Ардабиола (сборник) - Евгений Евтушенко
Шрифт:
Интервал:
Закладка:
— Ладно, это все-таки вода.
И опустил в бочку флягу. Потом он запрокинул флягу и стал пить. Пил и Сережа…
Сережа всегда любил петь, когда он был один. Тонкого слуха у него не было, да и голосом особенным он не отличался, но ничего с собой поделать не мог — пел. До шурфов, которые он документировал, тропинка шла среди высоких зонтичных растений, и Сережа всегда старался выходить чуть пораньше других, чтобы остаться наедине и попеть. Иногда он пел со словами, иногда без слов, но был счастлив, что какой-никакой, но все-таки его собственный голос сливался с верещанием кузнечиков, с голубой беспредельностью над головой. Однажды вечером, когда геологи ужинали, у костра выросла из сумерек всхрапывающая лошадь. На ее широкой незаседланной спине сидела, помахивая ивовой веткой, могучая, под стать этой лошади, молодая баба.
— Кто это у вас тут по утрам поет? — спросила она с непонятной вызывающей интонацией.
Геологи весело переглянулись.
— А что, понравилось?
— Понравилось… — ответила она почему-то также вызывающе.
— Лачугин у нас поет, — засмеялись геологи и вытолкнули смущенного, не знающего, куда глаза девать, Сережу.
— Ты, значит? — Она легонько ткнула его в плечо ивовой веткой.
— Ну, я… — неохотно ответил Сережа, ожидая подвоха.

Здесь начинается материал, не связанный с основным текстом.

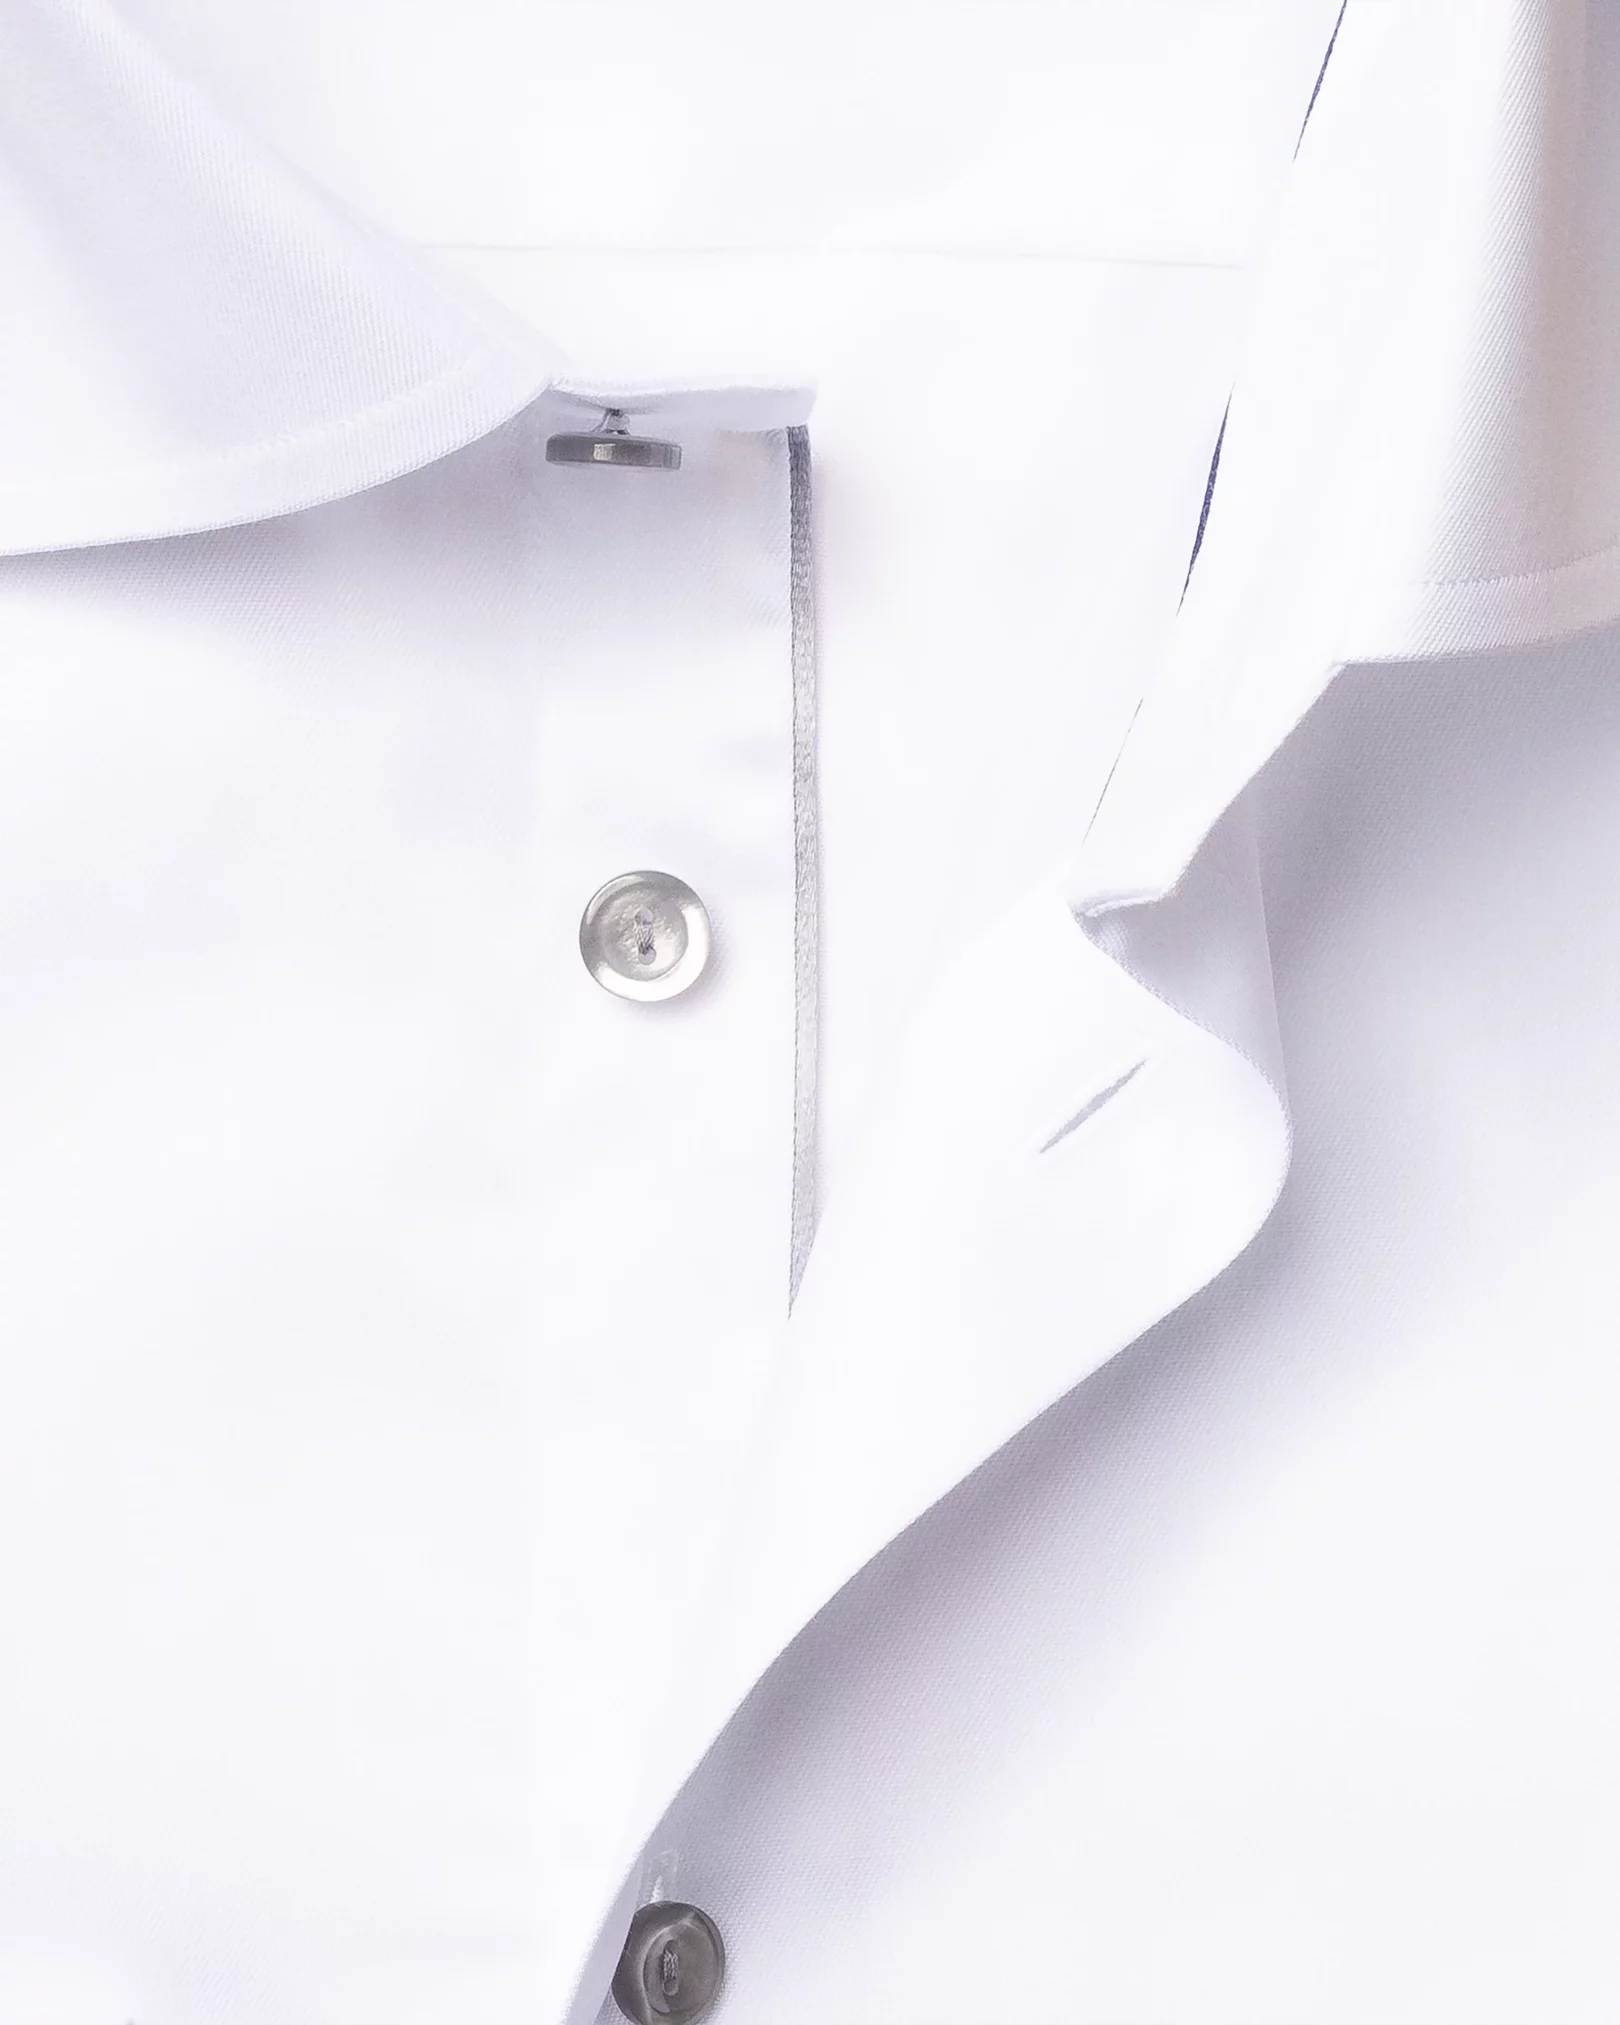 Eton - white twill shirt with grey details

— А слова помнишь? — испытующе взглянула она на него, сжимая бока беспокойной лошади голыми загорелыми коленками.
— Помню. — Сережу совсем бросило в краску.
— Поедем ко мне. Я тут недалече на пасеке. Покормлю, а то вы тут на казенных харчах отощали. Споешь. А потом слова дашь списать.
Геологи покатились со смеху. Особенно захлебывался коллектор Ситечкин, соблюдавший даже в экспедиции ниточку пробора.
— Ой, уморила! Слова списать! Это же — как в анекдоте! Ой, не могу! Ой, держите меня!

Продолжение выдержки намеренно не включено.